For months, reporters have downplayed the idea that there are divisions in Obama's national security team. They have failed, for example, to look too closely into the idea that General Jones has been on the receiving end of negative press, courtesy of one of his cabinet-level colleagues, who may be jealous of the national security adviser's access to the president and his senior staff. There is more than one reporter who thinks this may be the case. Now, without the president being gone from Washington even for one full day, comes a damaging leak about the CIA's Panetta, which ABC News reported involved "a profanity-laced screaming match" inside the White House over plans by Attorney General Eric Holder to open an investigation into whether agents might be guilty of acts the president has labeled as "torture."

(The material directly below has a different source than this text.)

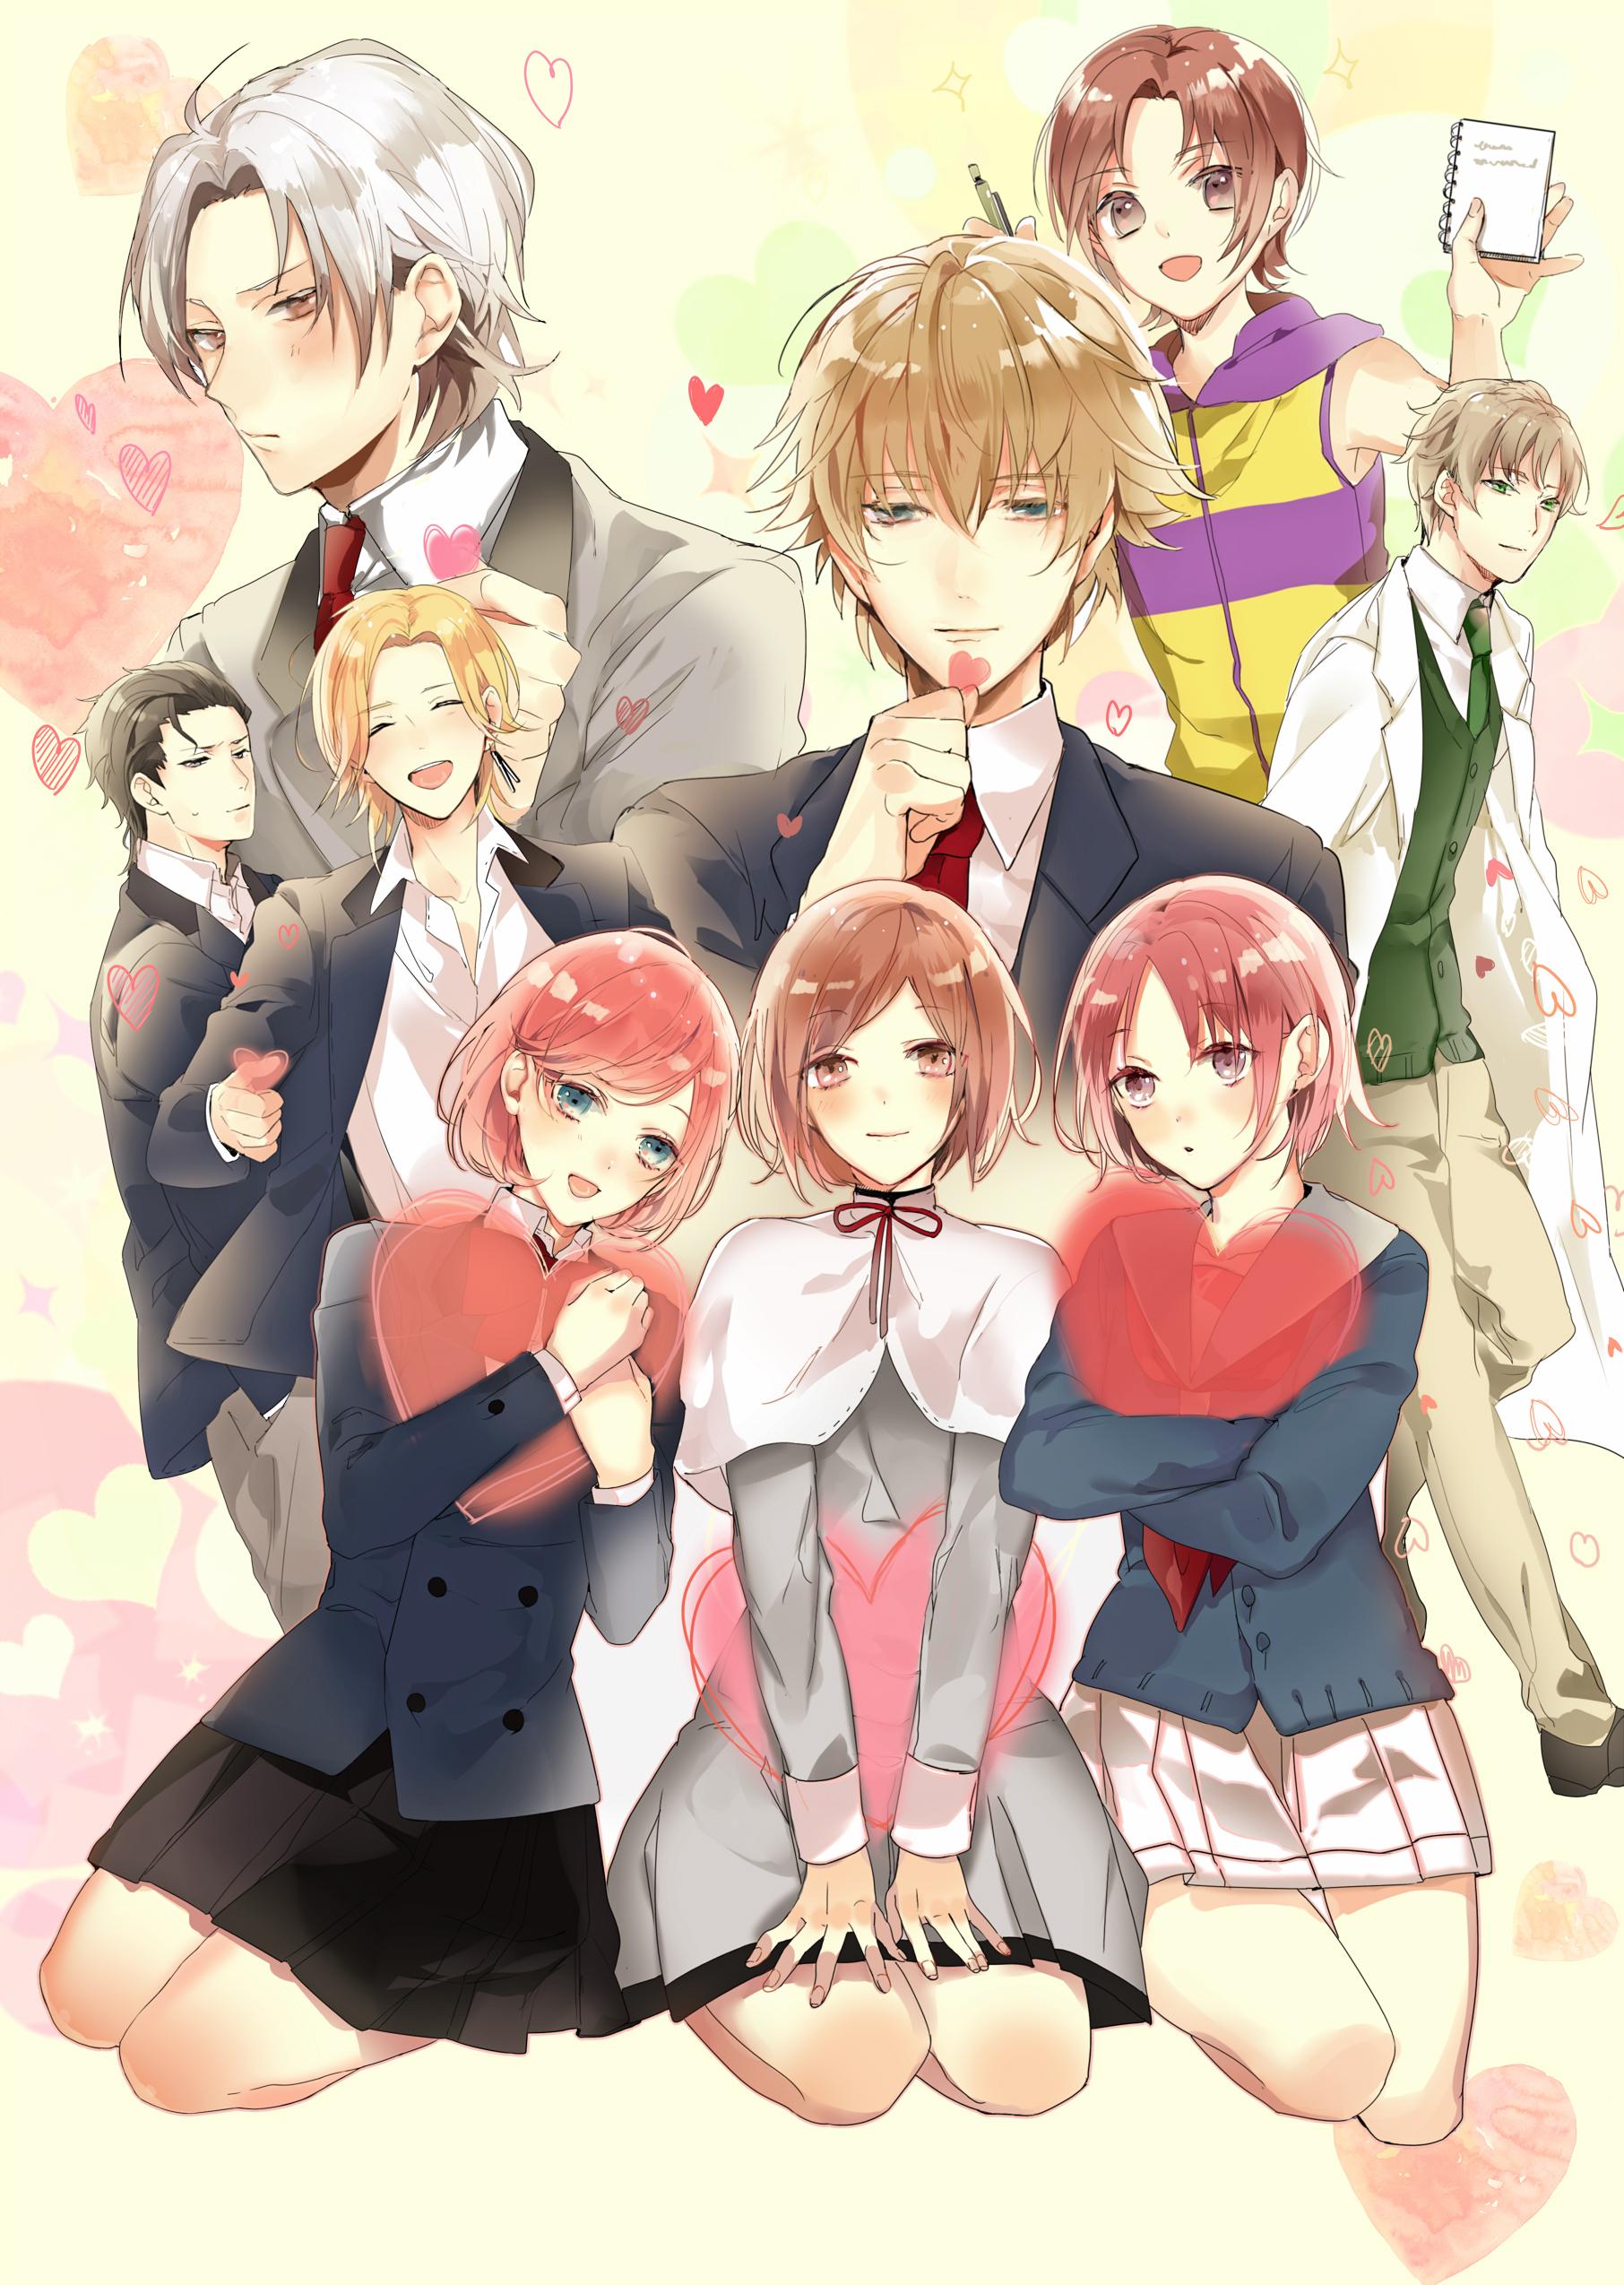 Tokimeki Memorial Girl S Side 1st Love Mobile Wallpaper 2068528 Zerochan Anime Image Board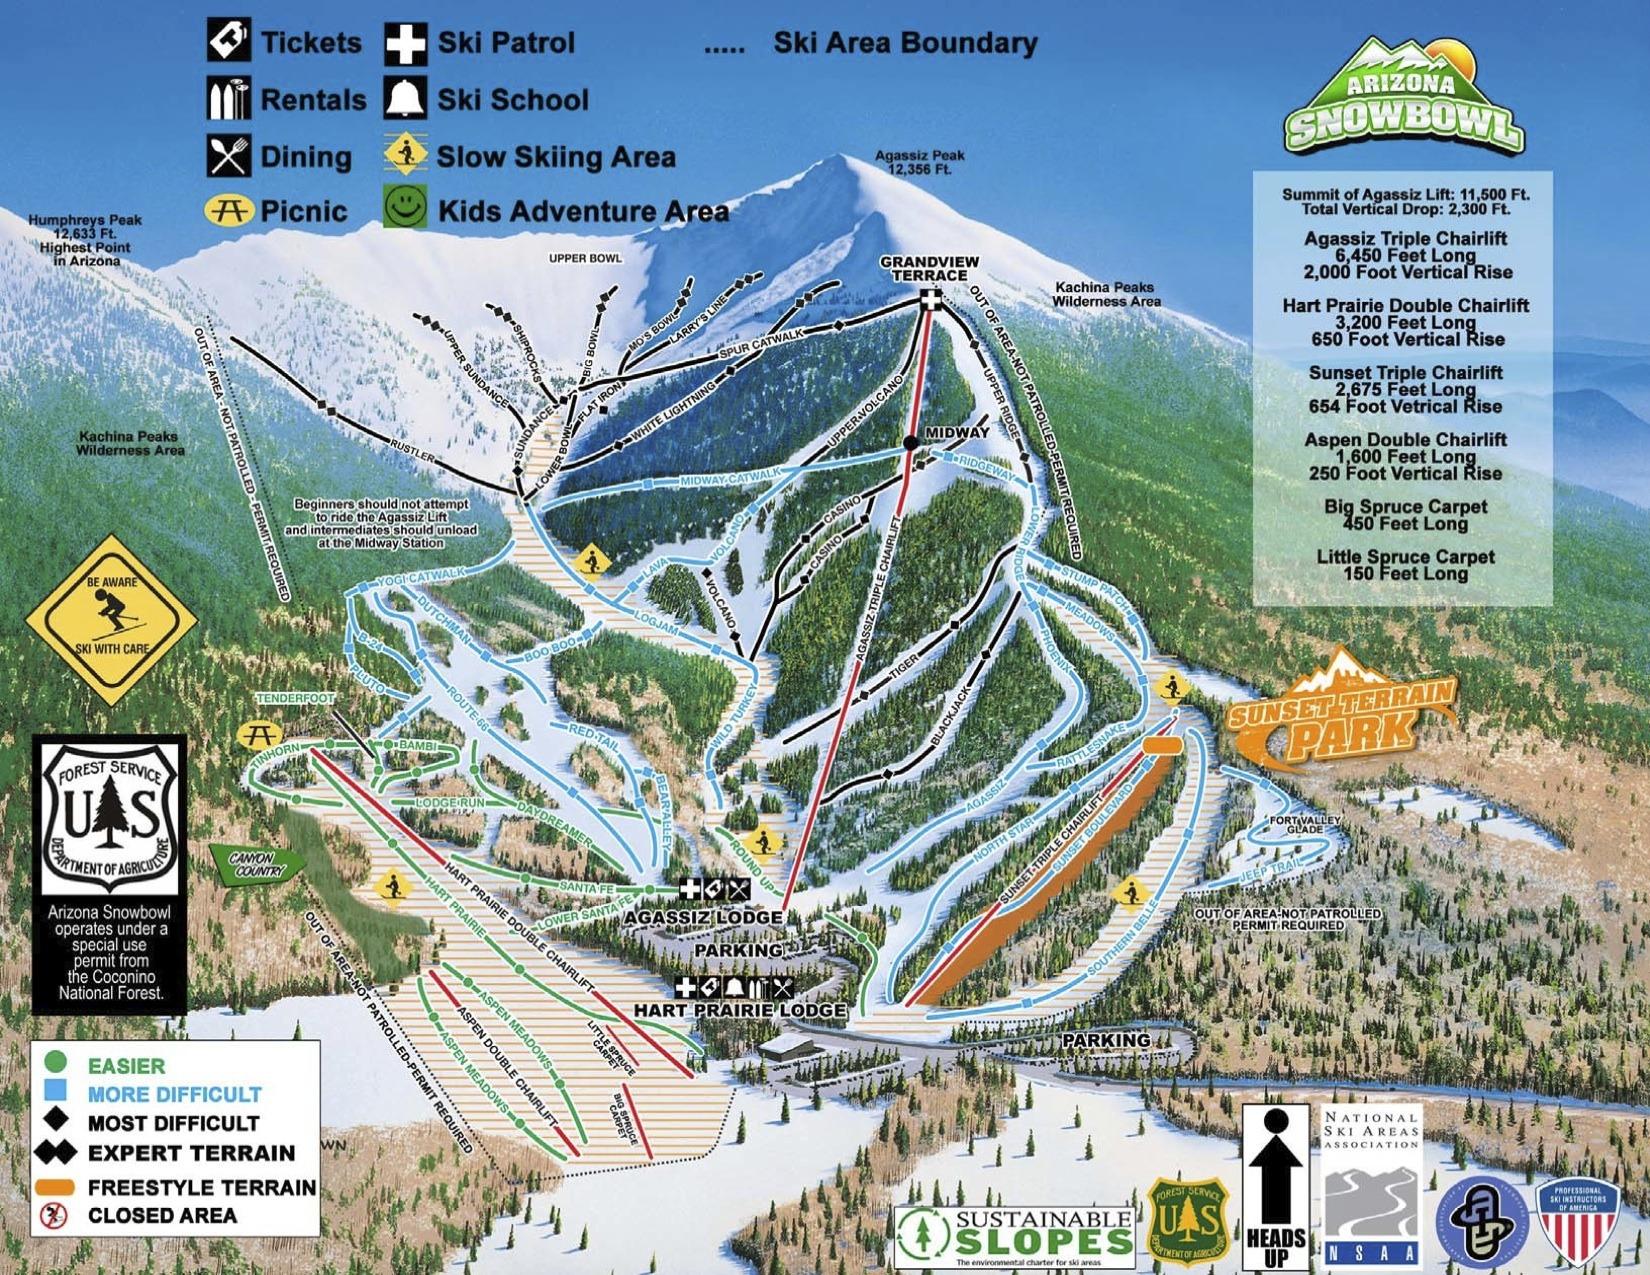 Arizona Snowbowl Map

Panetta, who has already clashed in public once with Democratic House Speaker Nancy Pelosi of California over the issue of what the CIA told Congress about interrogation techniques and when representatives were told, if they were told, may have his head on the chopping block. According to ABC, current and former intelligence officials say "senior White House staff members are already discussing a possible shake-up of top national security officials."

Whether or not the discord exists, someone is going to some degree of trouble to make it appear as though this is the case. The White House press office denies the shouting match took place, but the denial comes way down in the story, well below the salacious headline and provocative lead paragraph. With healthcare reform imperiled and many analysts suggesting the cap-and-trade energy tax is all but dead, division among his national security team is a diversion the president really doesn't need right now.